No importa quién es el padre, ambas serán abandonadas, ambas tendrán que cargar la
responsabilidad de estos hijos. Y los hijos que nazcan en estas dos realidades tendrán vidas
simétricamente opuestas. Cuarón no deja de subrayar estas coincidencias. En el Cine Las
Américas, los niños ven Atrapados en el Espacio y Pepe, el más chico, sueña con ser
astronauta. Lo vemos con su traje, paseando sobre un espejo de agua que lo eleva a los cielos.
En una escena calcada, más adelante, en Ciudad Neza, un niño juega de la misma forma, con
un vestido de astronauta mucho menos elaborado, hecho con una cubeta rota, sobre los
charcos lodosos que reflejan otro cielo.
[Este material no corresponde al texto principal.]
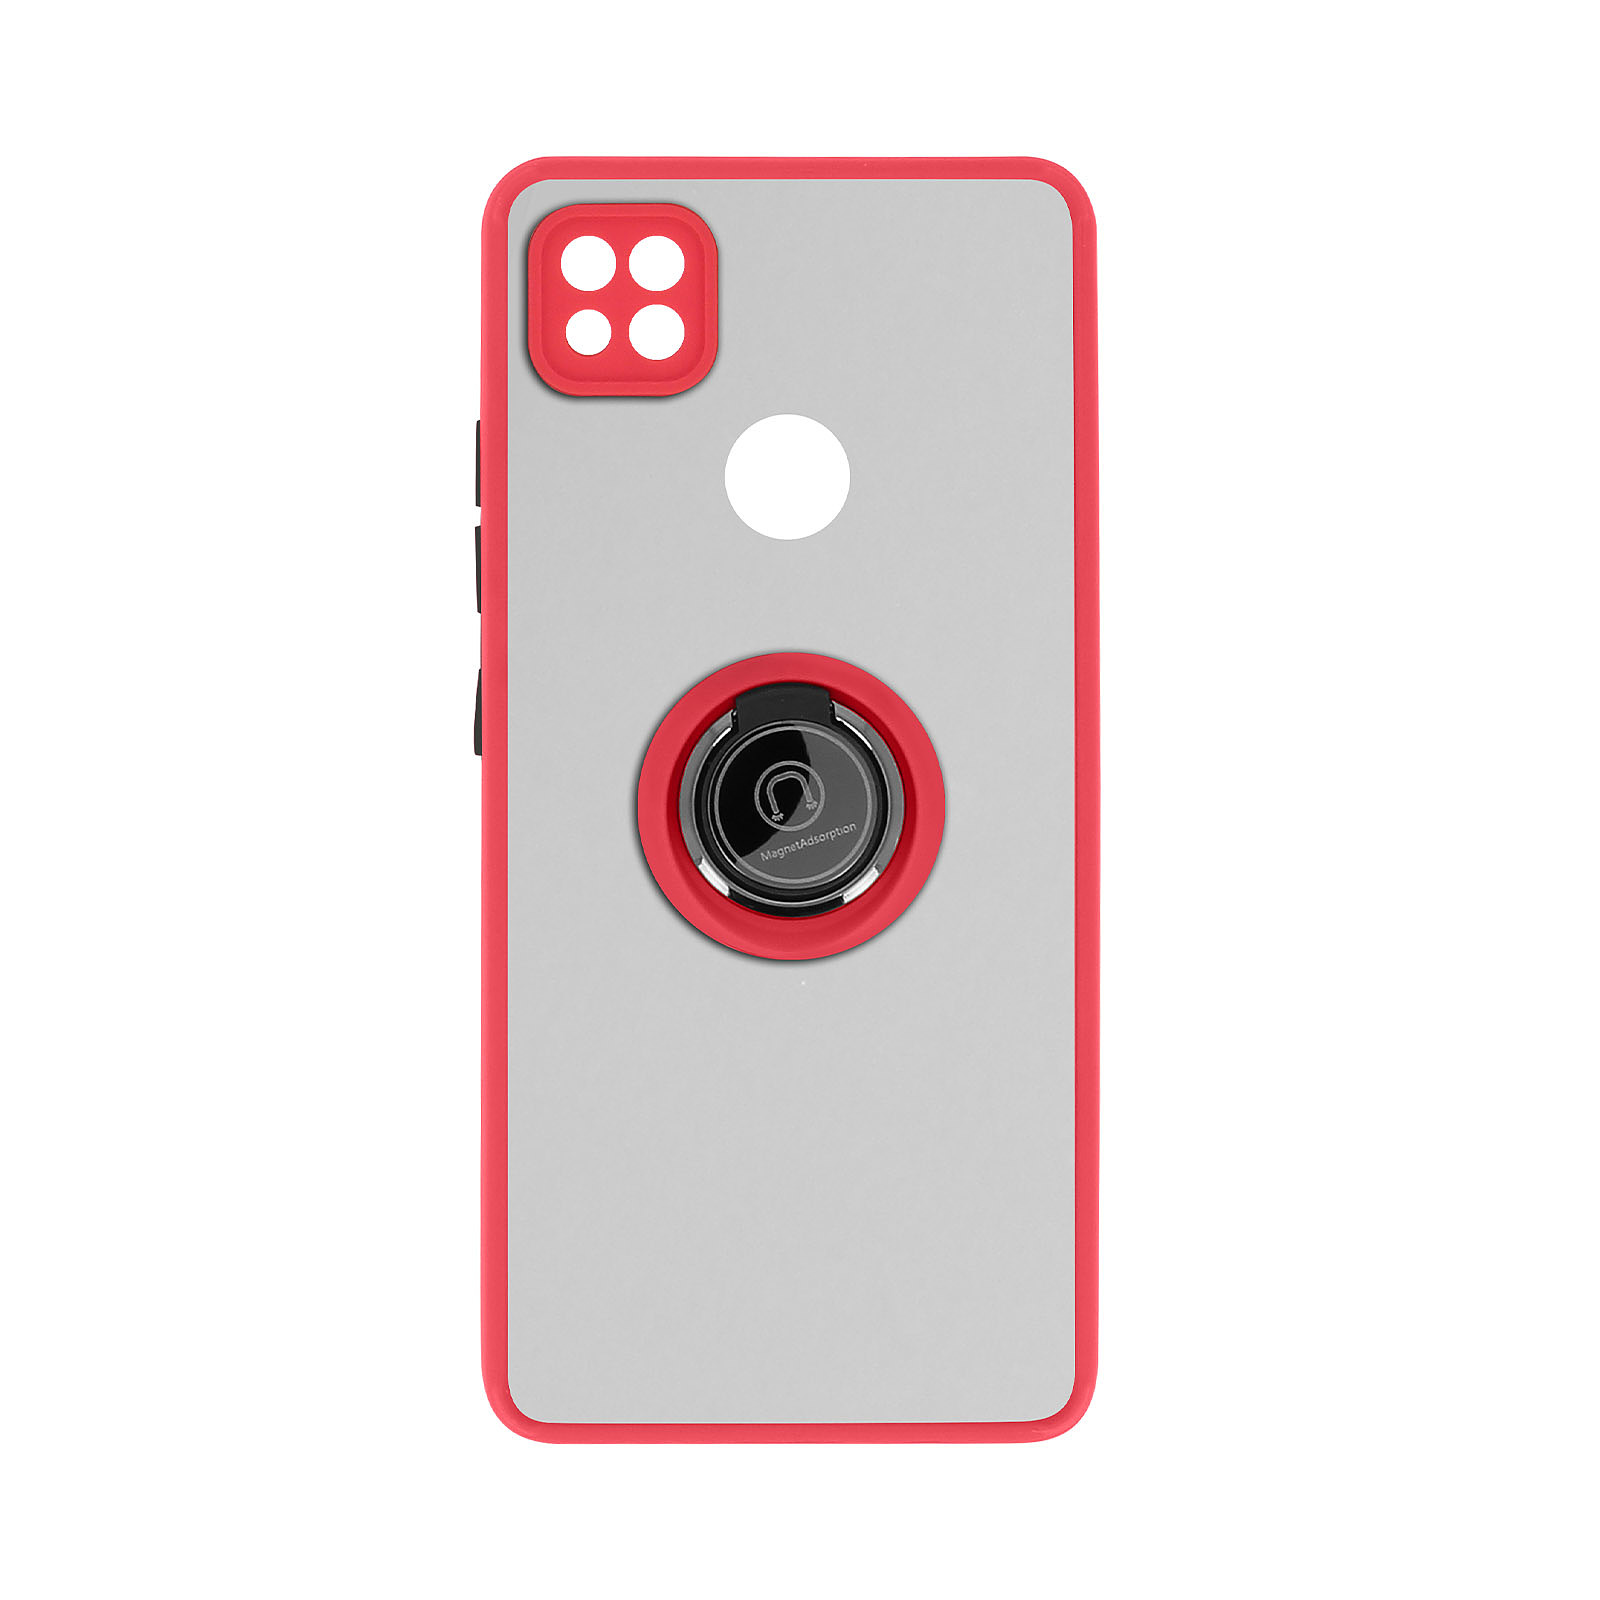 Avizar Coque pour Xiaomi Redmi 9C avec Bague Metallique Fonction Support Rouge - Coque telephone Avizar

El espejo lo dice todo en el lenguaje cinematográfico:
como arriba, también abajo; los niños sueñan en todas partes y, aunque nazcan en situaciones
diametralmente opuestas, fueron hijos de madres prisioneras y serán, como sus padres, los
que podrán huir y surcar los cielos, hombres y astronautas.
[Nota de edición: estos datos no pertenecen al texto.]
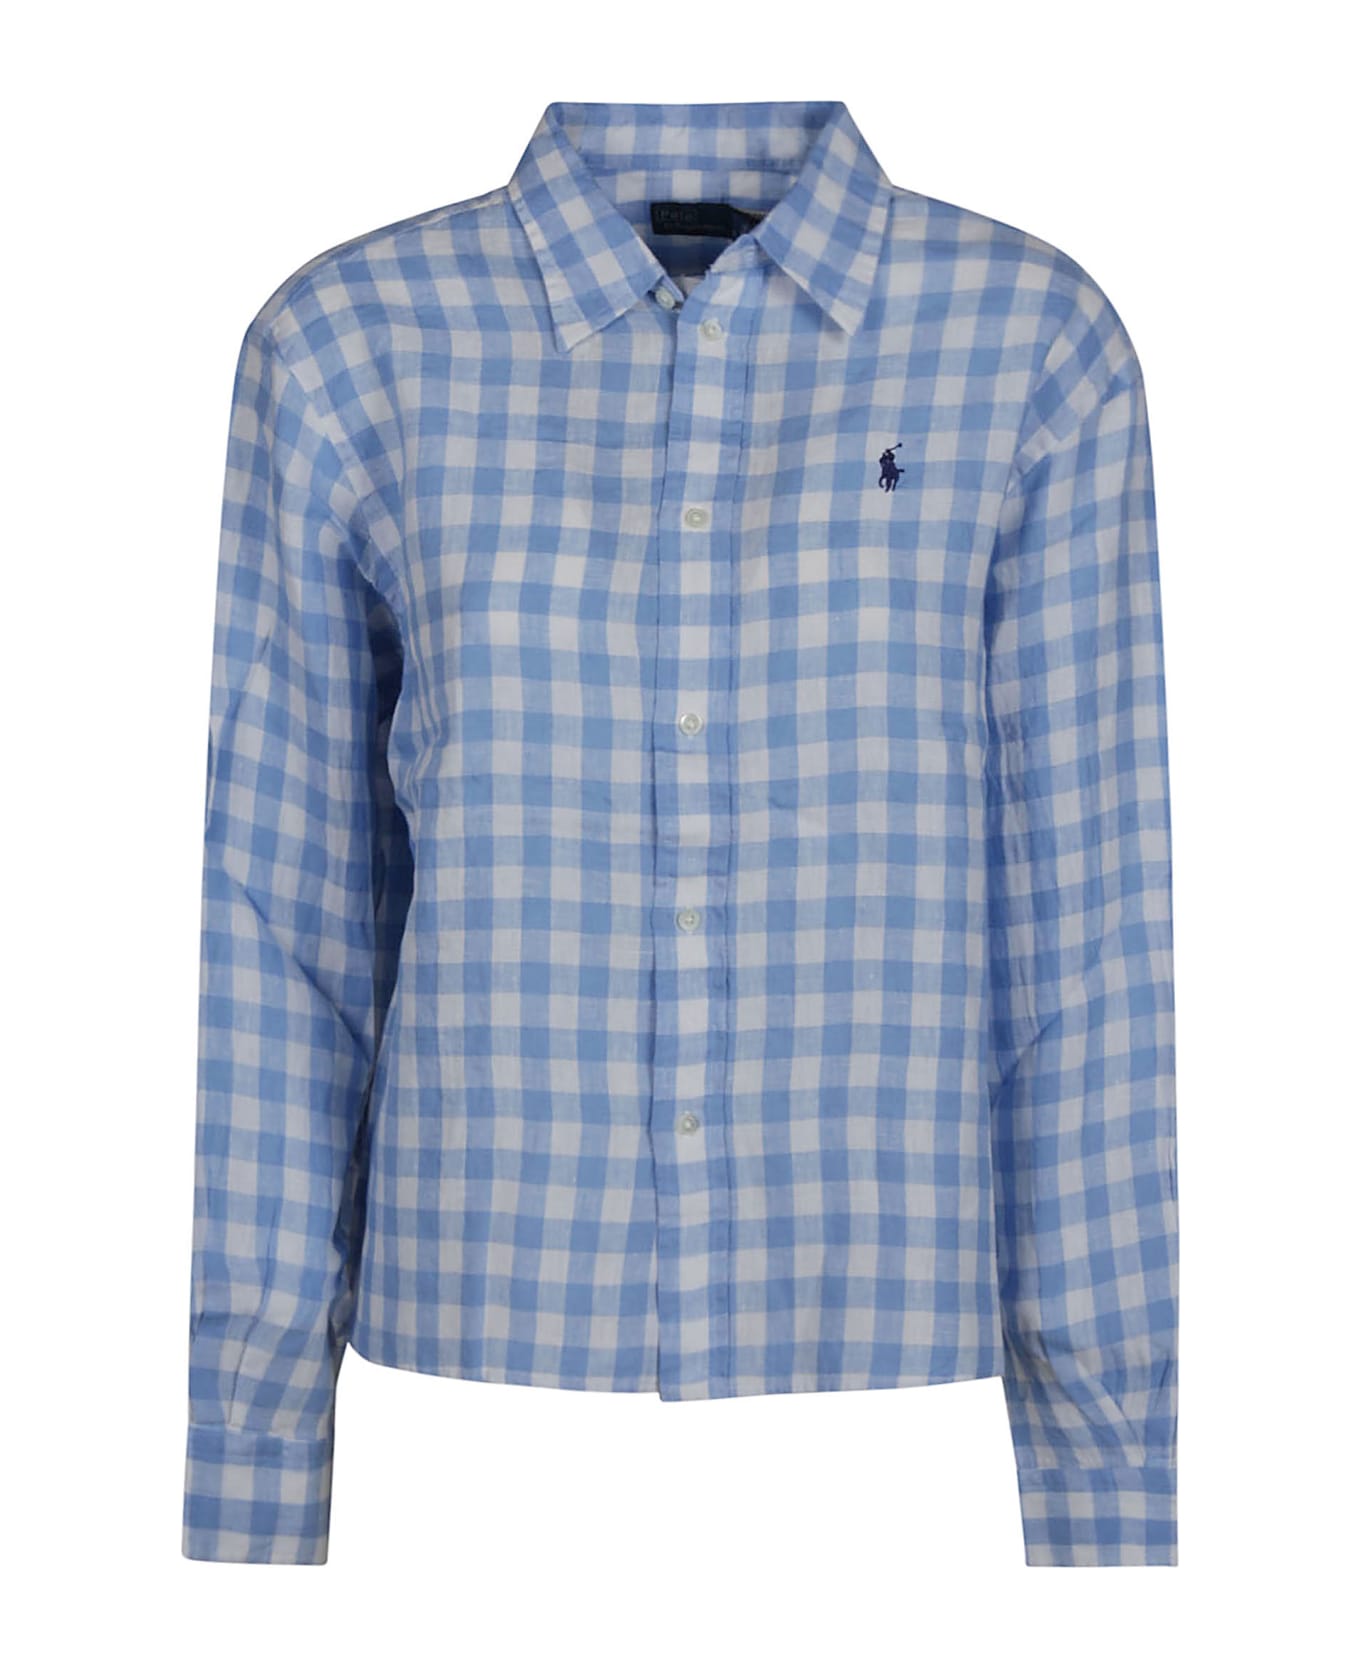 Polo Ralph Lauren Long Sleeve Button Front Shirt - Austin Blue/white

Cuando corre la sangre del Halconazo sobre las banquetas, en las tiendas, sobre el pavimento
de la Ciudad, se rompe la fuente de Cleo y vemos, nuevamente, en la simetría del agua, el
binomio de vida y muerte, destrucción y creación, violencia y procreación. Ahí, un acto de
amor se convierte en una prisión, en algo coercitivo, en una violencia: “No me busques o te
parto tu madre a ti y a tu pinche criaturita”. Fermín pudo haberle disparado a Cleo en ese
momento, acabar la violencia con más violencia.
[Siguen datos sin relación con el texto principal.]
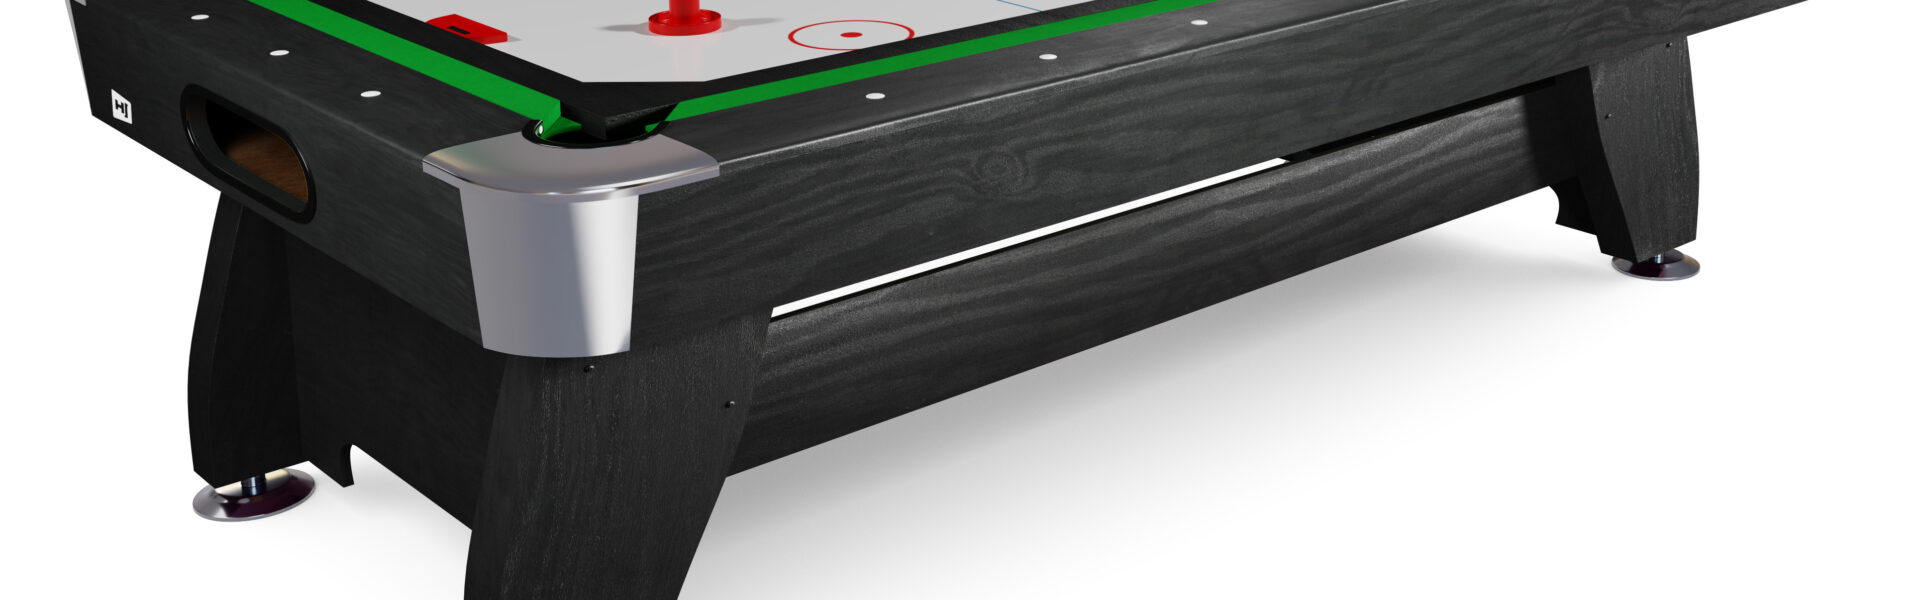 Nadstavec na biliardový stôl Ping-Pong/Hokej 9ft

En ese momento, Fermín porta la misma camiseta que tenía cuando lo vemos llevar a Cleo a la
cama. Una camiseta con un corazón que reza, insidiosamente, “Amor es…”. En ese momento
Fermín es el mismo, simétricamente, que la amó: un ser tierno entre sus brazos que está
dispuesto a demostrar su fortaleza física en proezas marciales gratuitas. En ese momento,
Fermín riega sangre y ella entra en labor con la fuente rota. La violencia de Fermín tiene
muchas aristas y muchas consecuencias, pero, sobre todo, muestra el eterno retorno de un
ciclo posible en el que todos parecen atrapados: si nace niña podrá regar otros pisos con
líquido amniótico, si nace niño podrá regar otros pisos con sangre.